Harnessing IoT Data: Machine Learning Approaches to Cybercrime Detection and Prevention
Abstract
Naveen Kumar Thawai and Sourabh Chaubey
The rapid adoption of the Internet of Things (IoT) has revolutionized industries, enhancing connectivity, automation, and efficiency across sectors such as healthcare, transportation, and smart homes. However, this technological advancement comes with significant cybersecurity challenges. This paper investigates how IoT developments, whereas transformative, are progressively being misused by cybercriminals to conduct advanced assaults, compromising client protection, touchy information, and basic framework.

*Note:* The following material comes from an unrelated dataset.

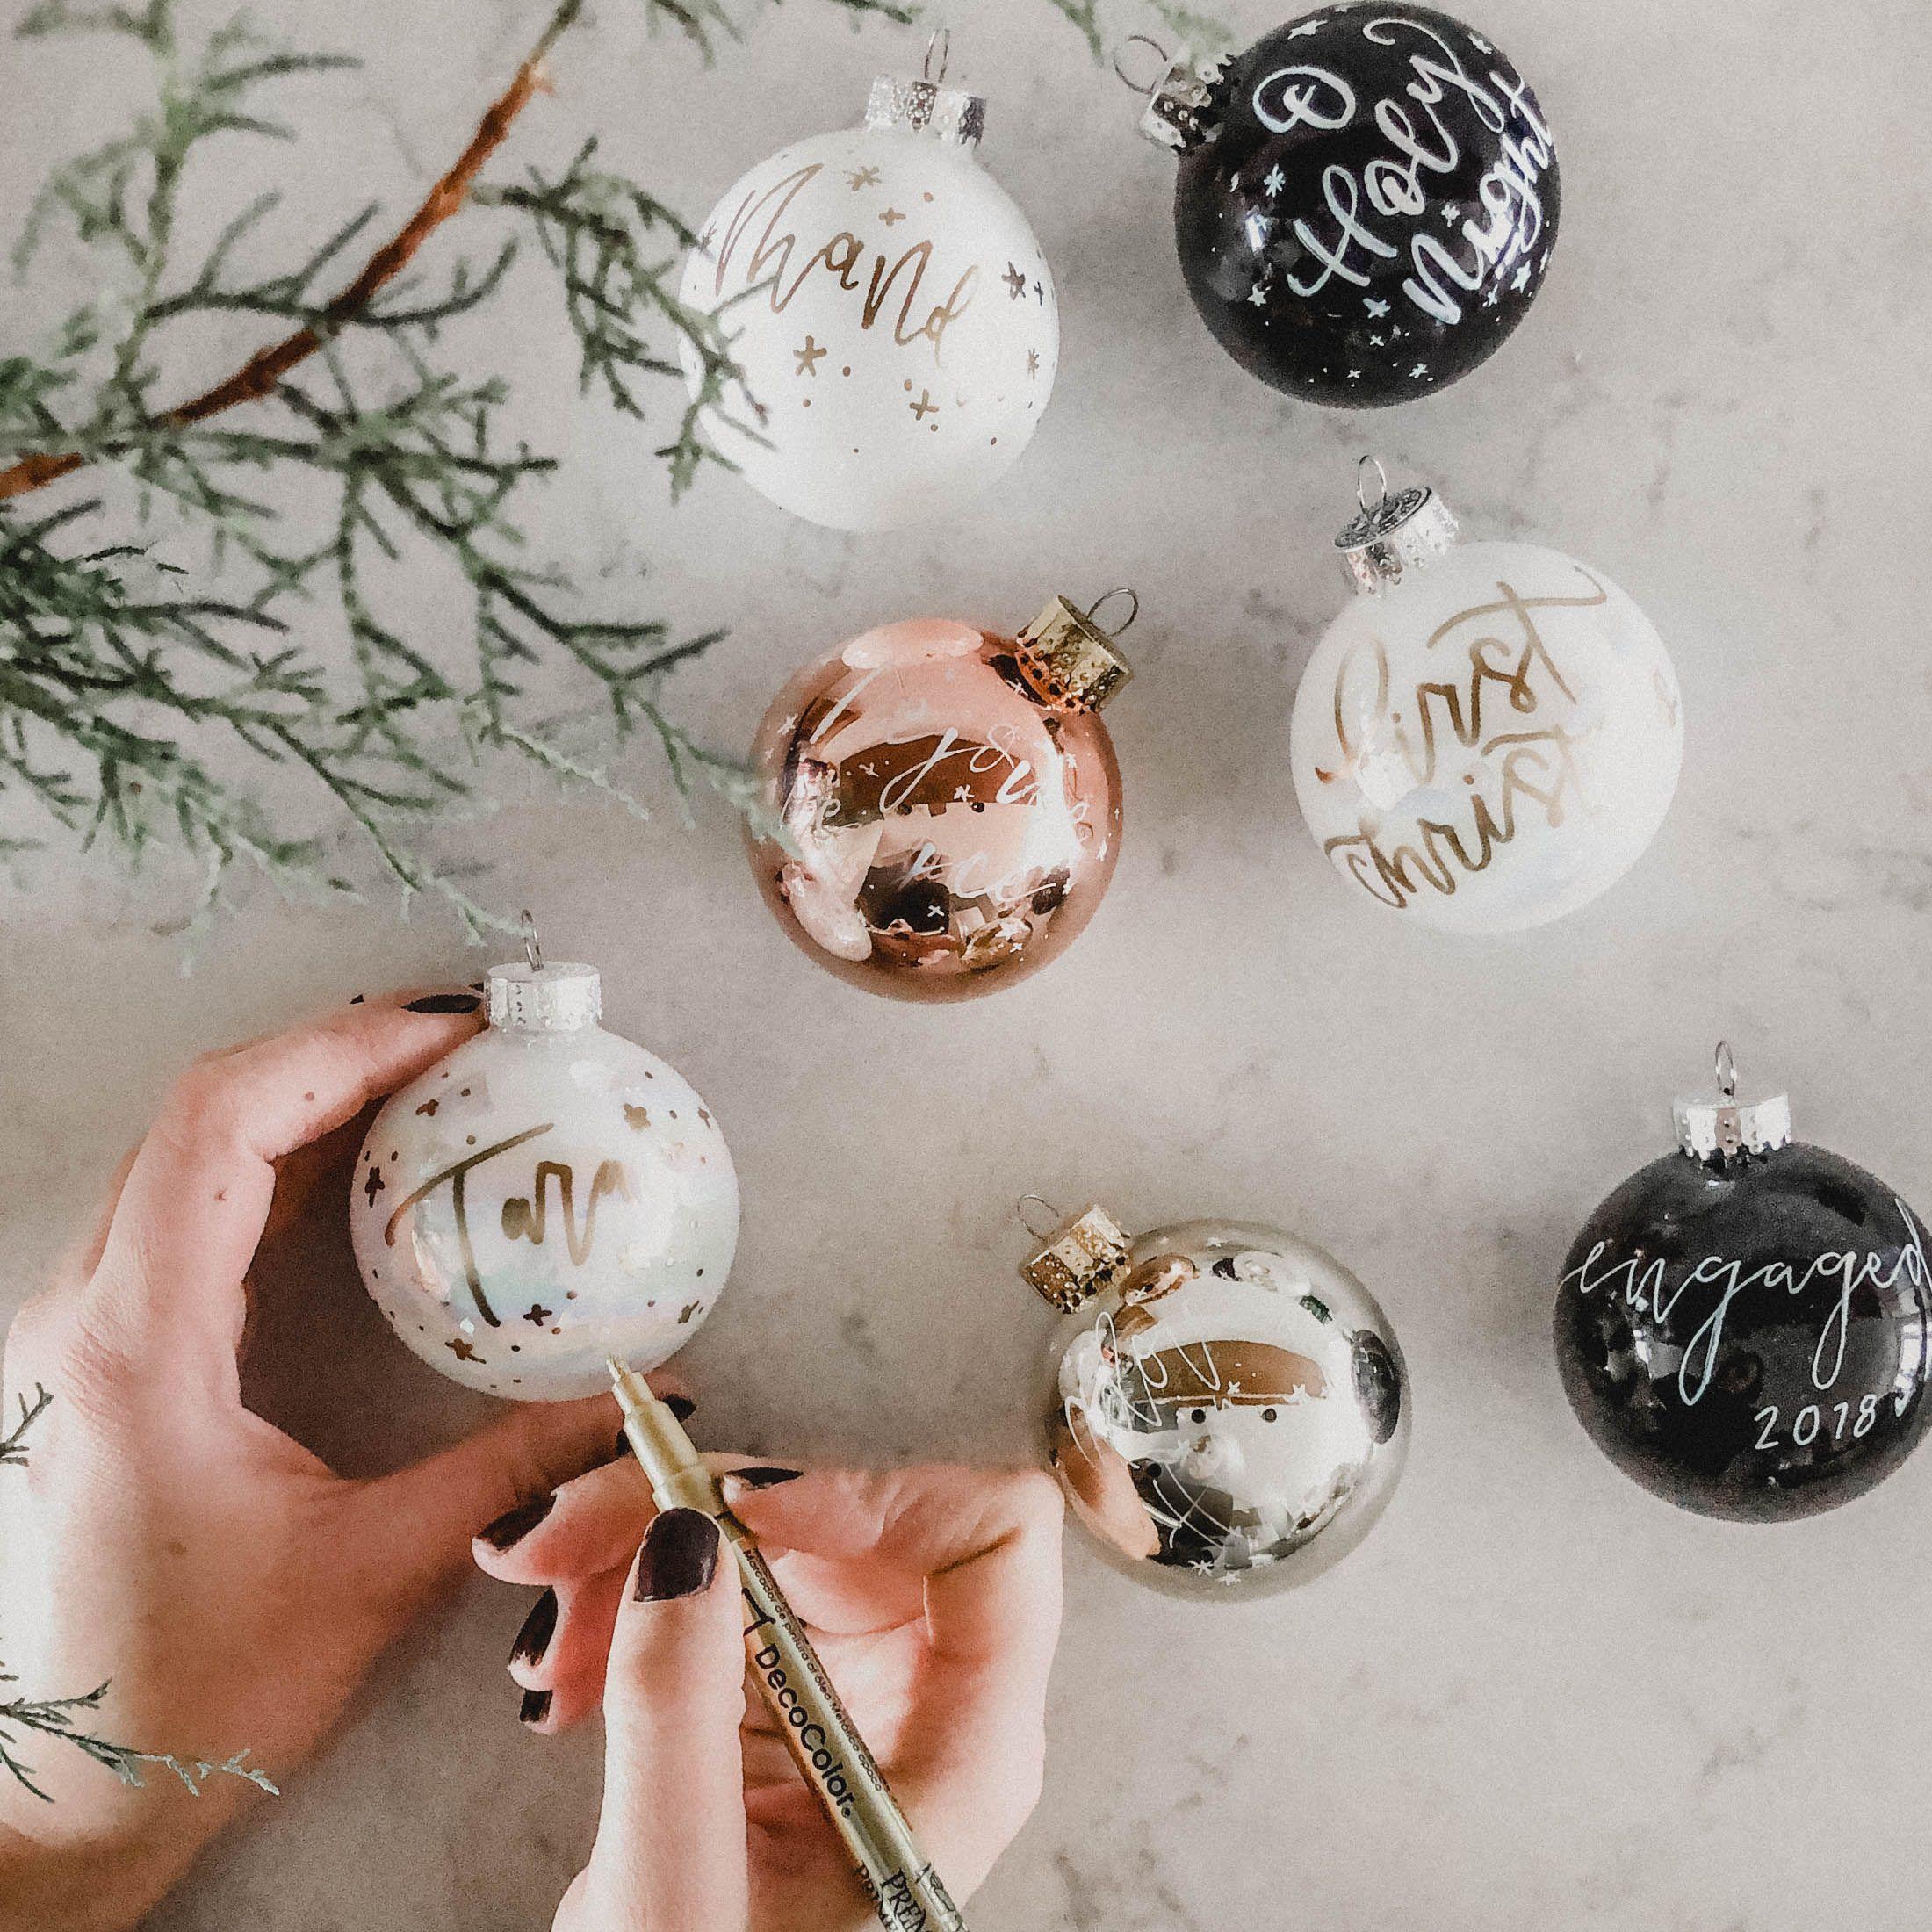 Diy Handlettered Ornaments 3 Ways To Make Them Lemon Thistle Diy Christmas Ornaments Christmas Diy Christmas Ornaments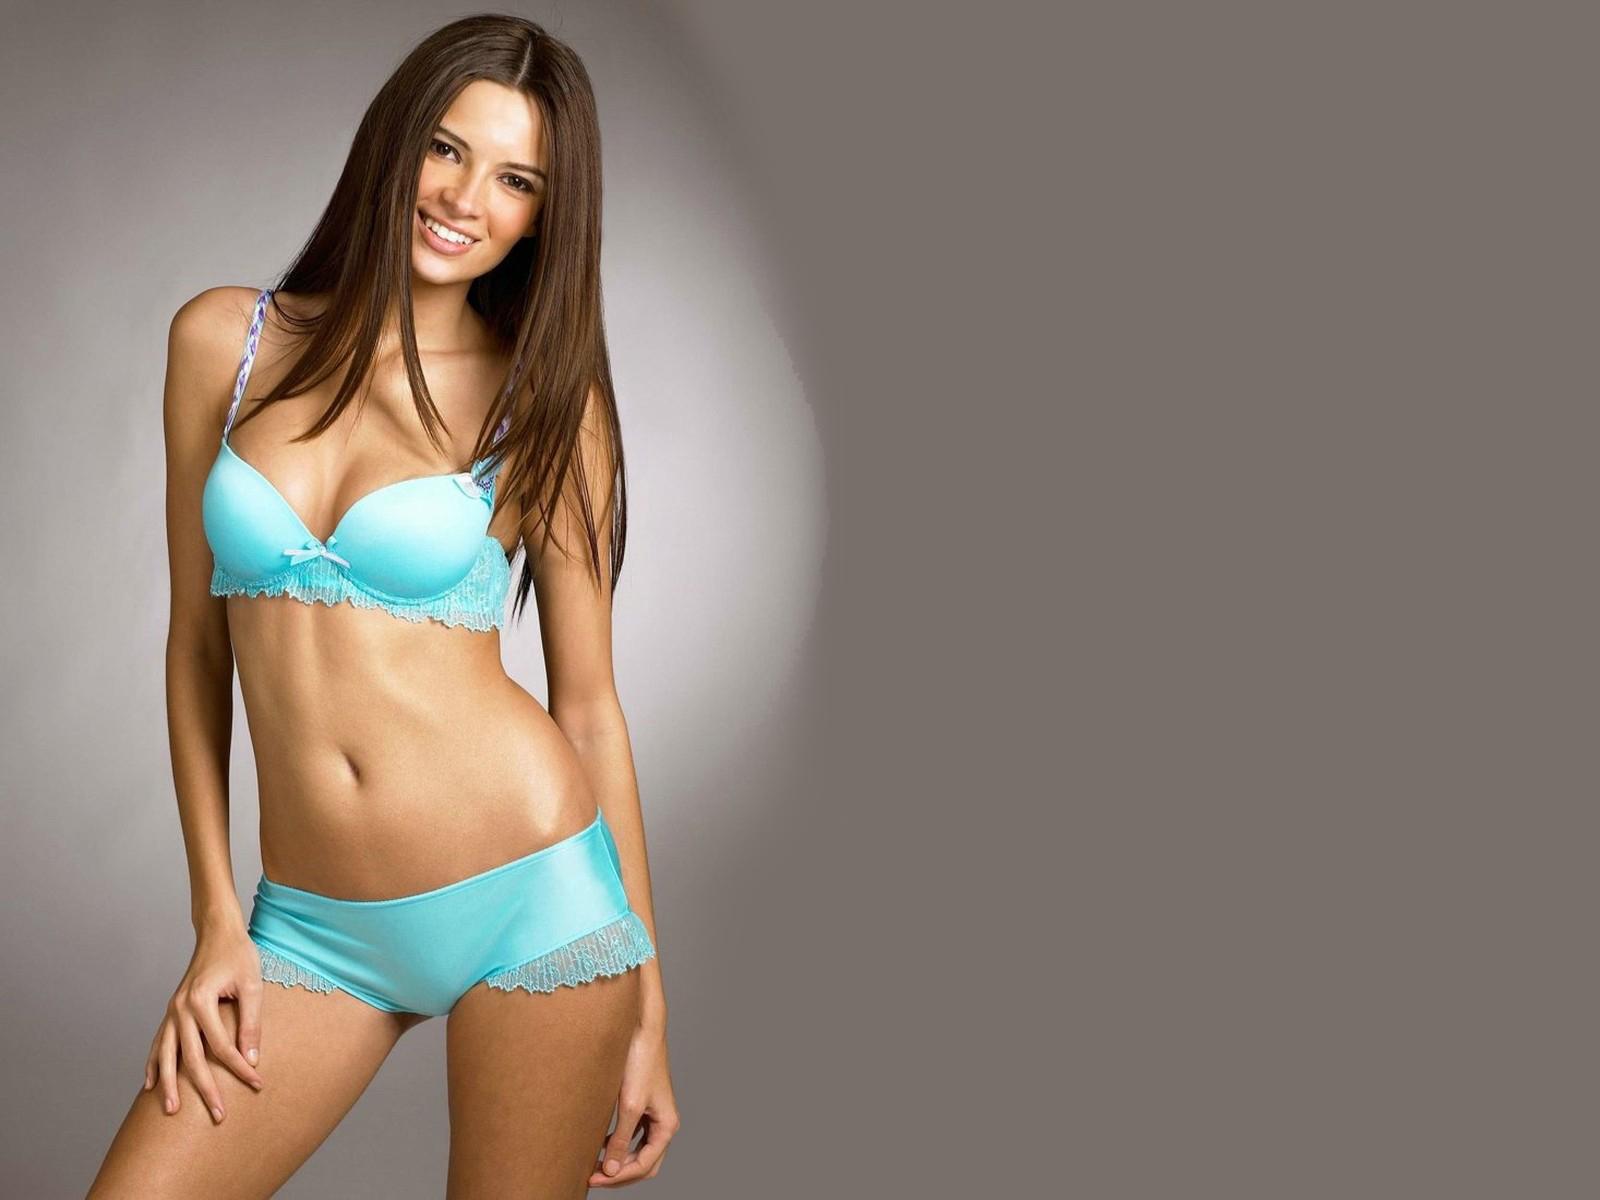 High resulation bikini photos

By investigating current IoT vulnerabilities, real-world cyber episodes, and the advancing risk scene, we highlight how deficiently security measures in IoT gadgets make a ripe ground for cybercrime. The study employs a combination of case studies and data analysis to examine key vulnerabilities, including weak authentication, poor encryption, and insecure communication protocols. Additionally, the paper discusses how advanced technologies, such as artificial intelligence (AI) and machine learning (ML), are being utilized by cybercriminals to exploit these weaknesses at scale. The findings reveal that the current regulatory frameworks are insufficient to address the growing cyber risks associated with IoT, underscoring the need for robust security policies, industry standards, and proactive threat mitigation strategies. In conclusion, the paper emphasizes the vital requirement for multi-stakeholder collaboration—between governments, industry leaders, and security experts—to develop and implement comprehensive solutions that safeguard the imminent of IoT. This investigate gives bits of knowledge into the squeezing challenges postured by IoT-enabled cybercrime and offers suggestions for reinforcing IoT security.